:: SUPPLIED DATA ::
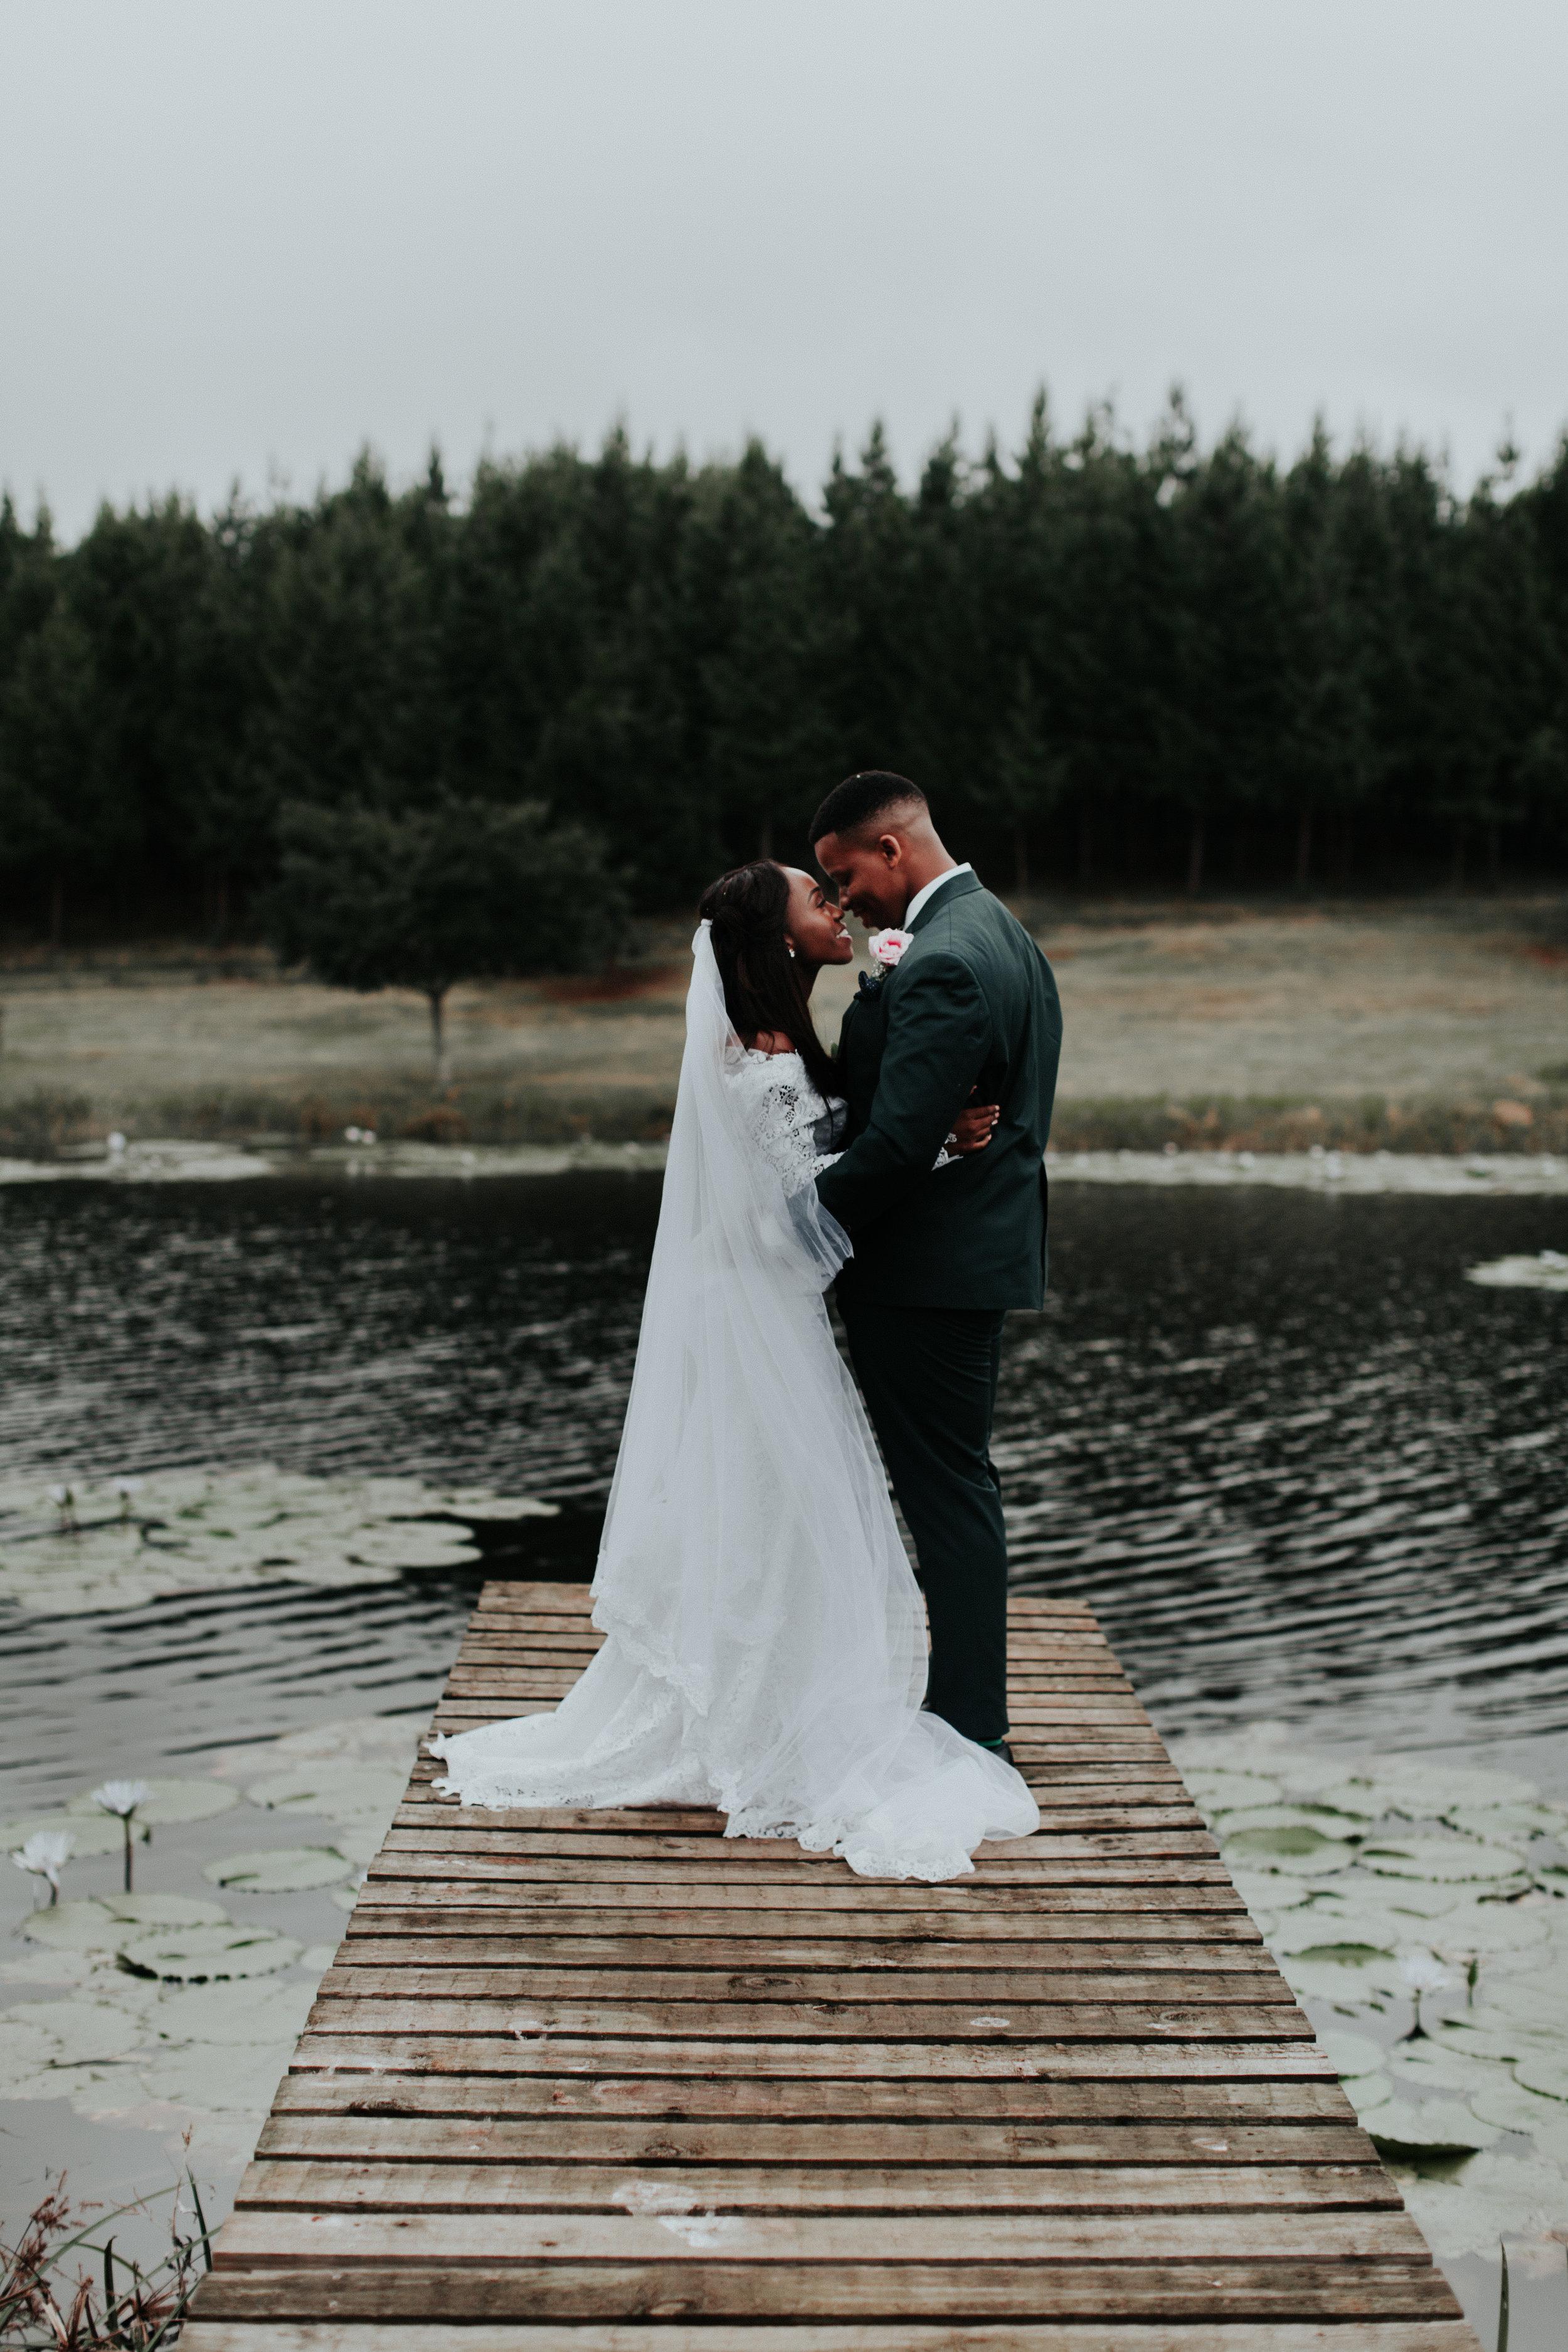 Kristi Smith Photography_Hloni&Nonto_ Wedding Photographer 21.jpg
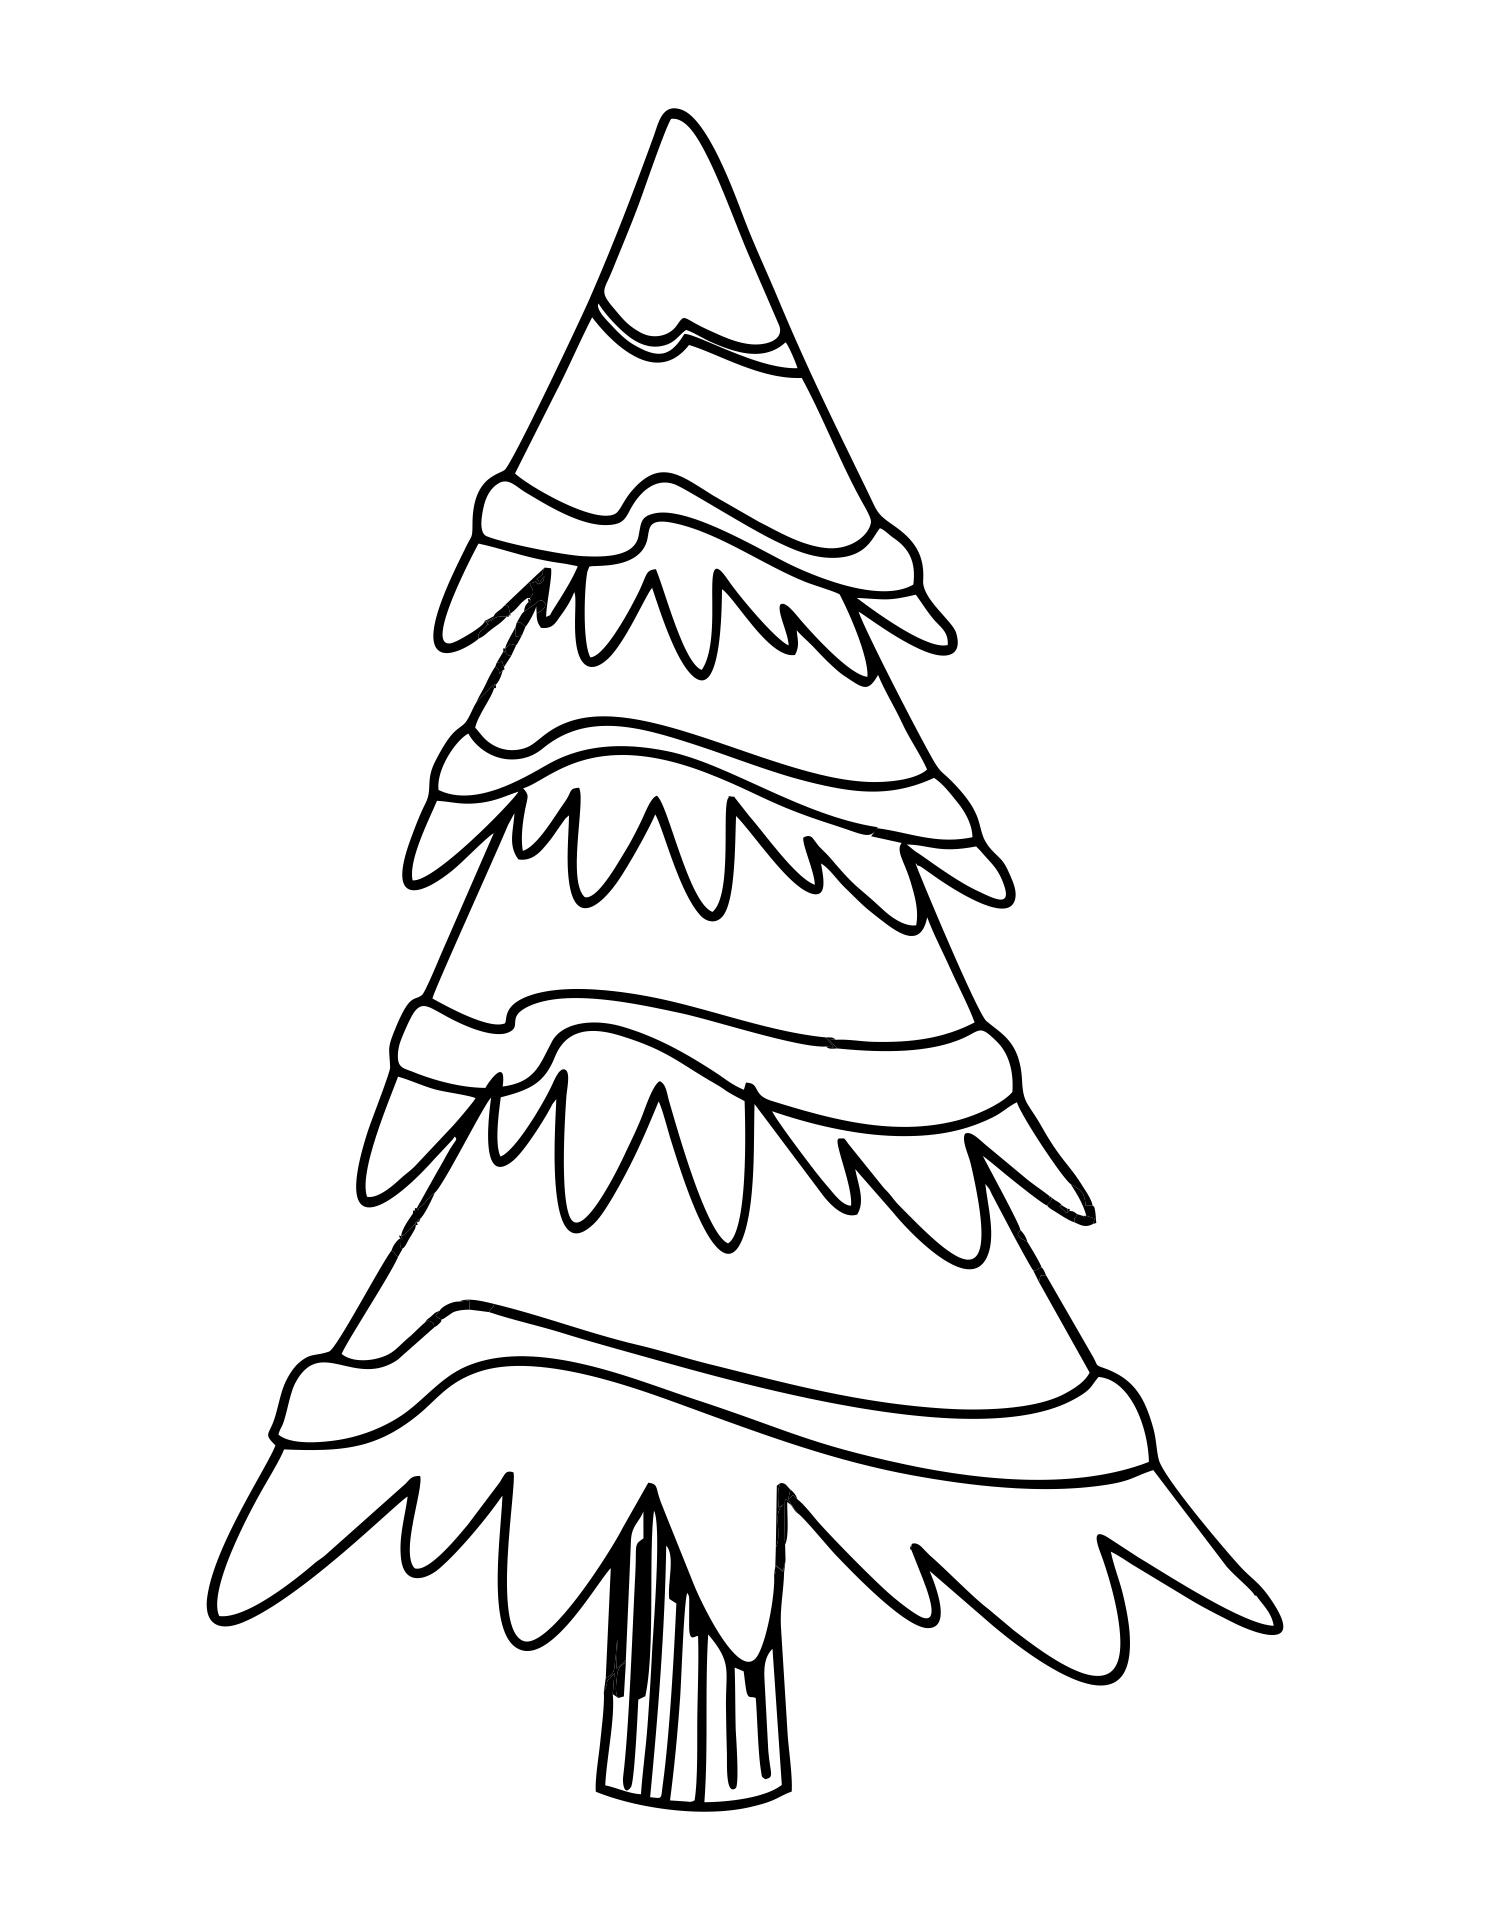 5 Best Images of Printable Blank Christmas Tree ...
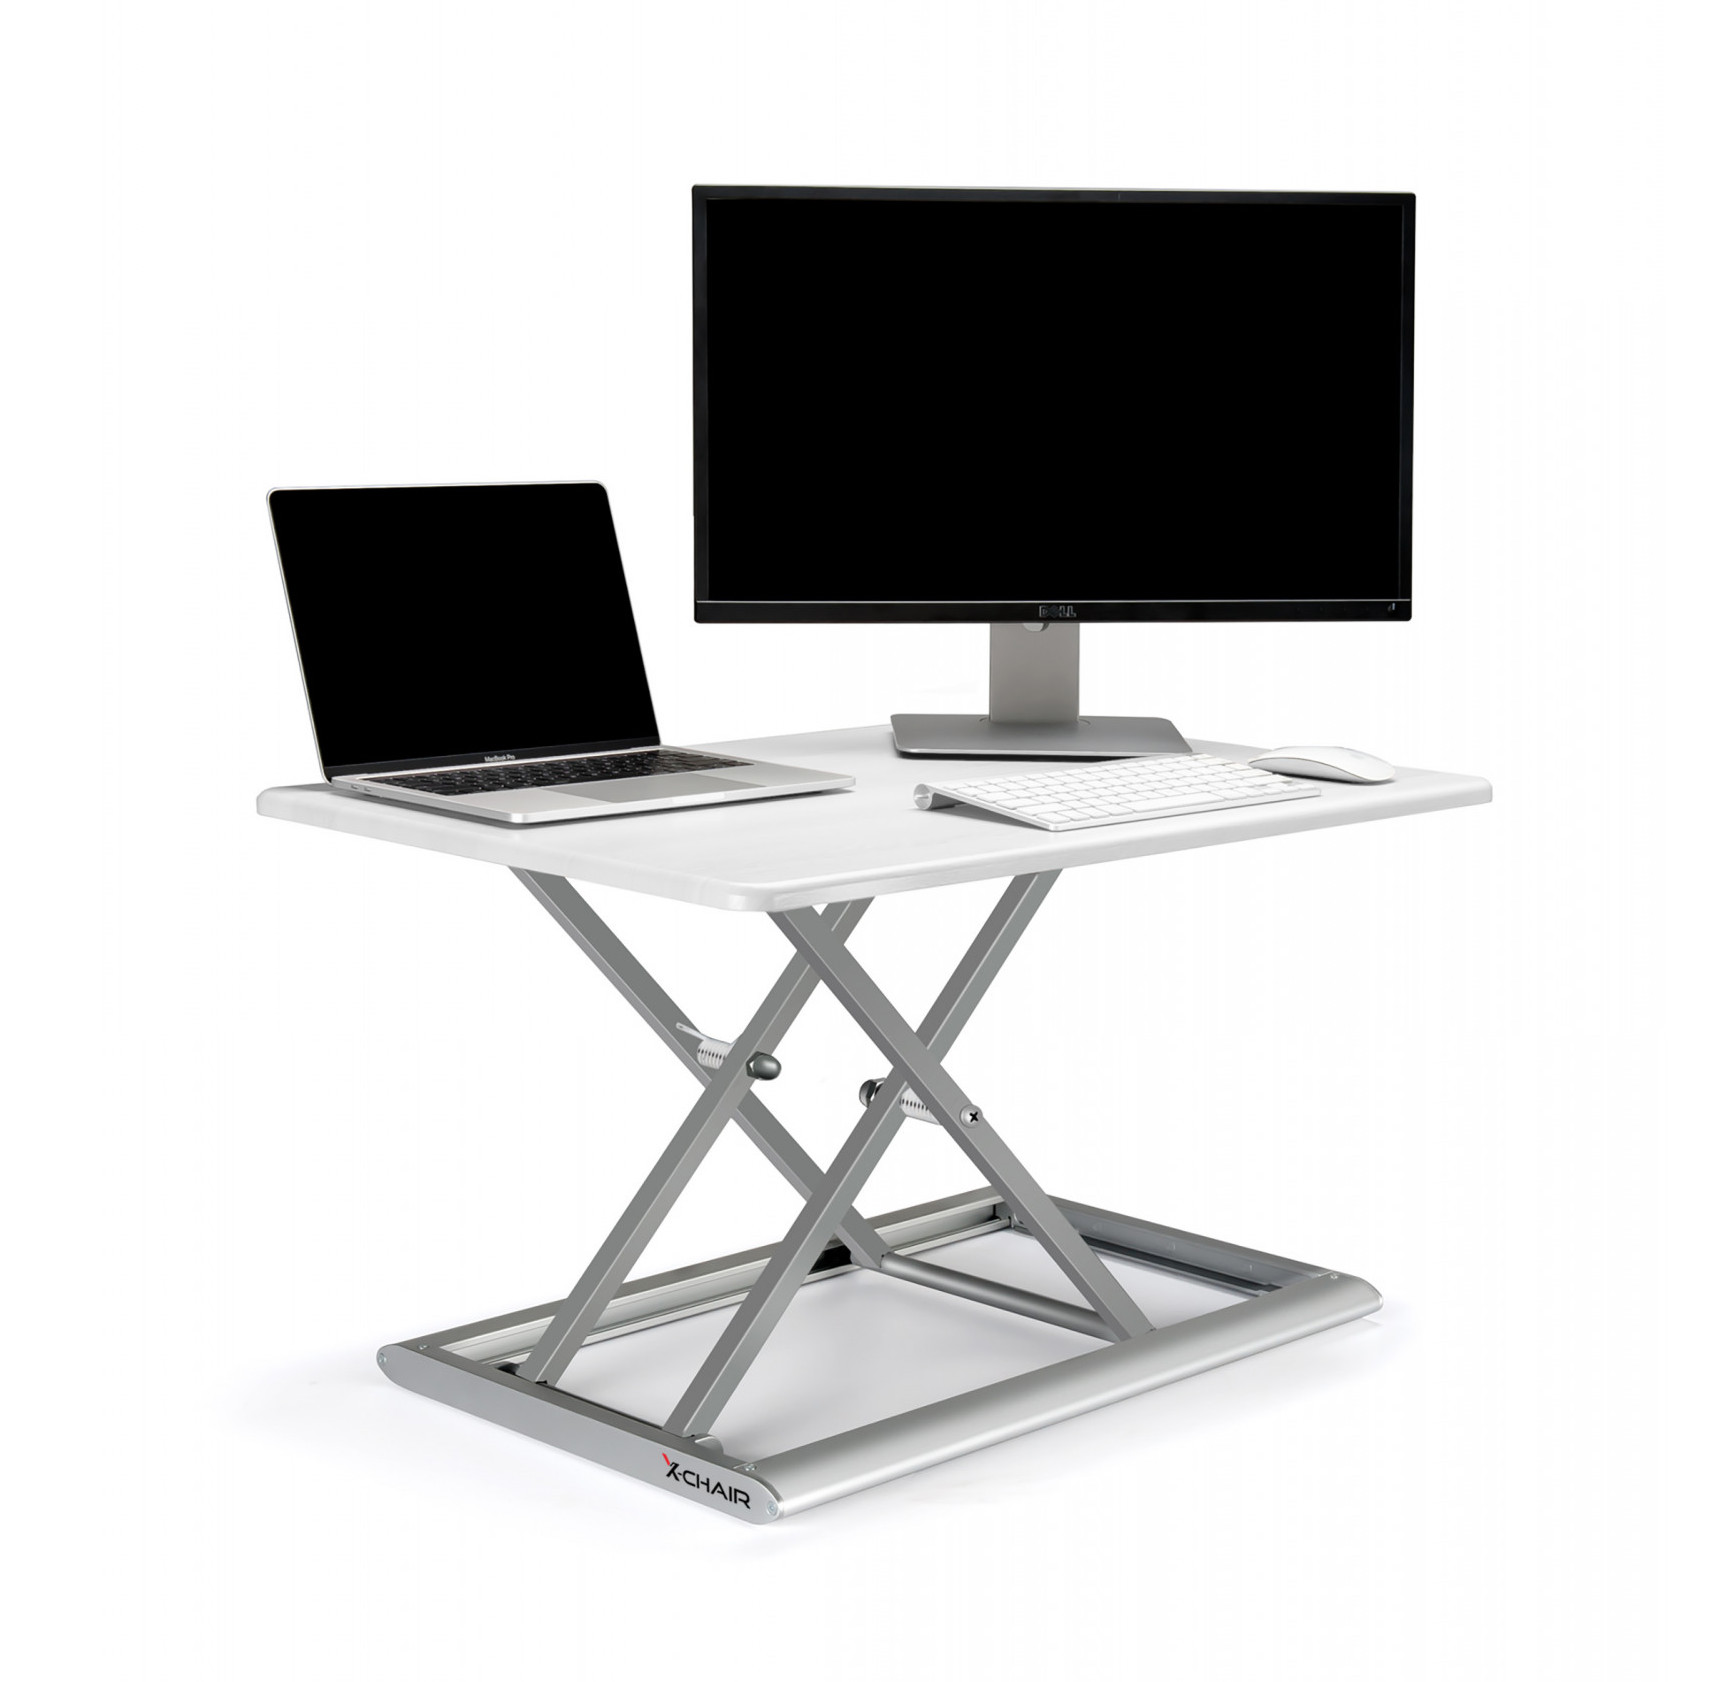 x-flextop portable sit to stand desk
:::
WHAT THIS TASK INVOLVES: Leaving the pictures out, output the material exactly as it appears.

RESULT:
 Kristi Smith Photography_Hloni&Nonto_ Wedding Photographer 21.jpg
 5 Best Images of Printable Blank Christmas Tree ...
 x-flextop portable sit to stand desk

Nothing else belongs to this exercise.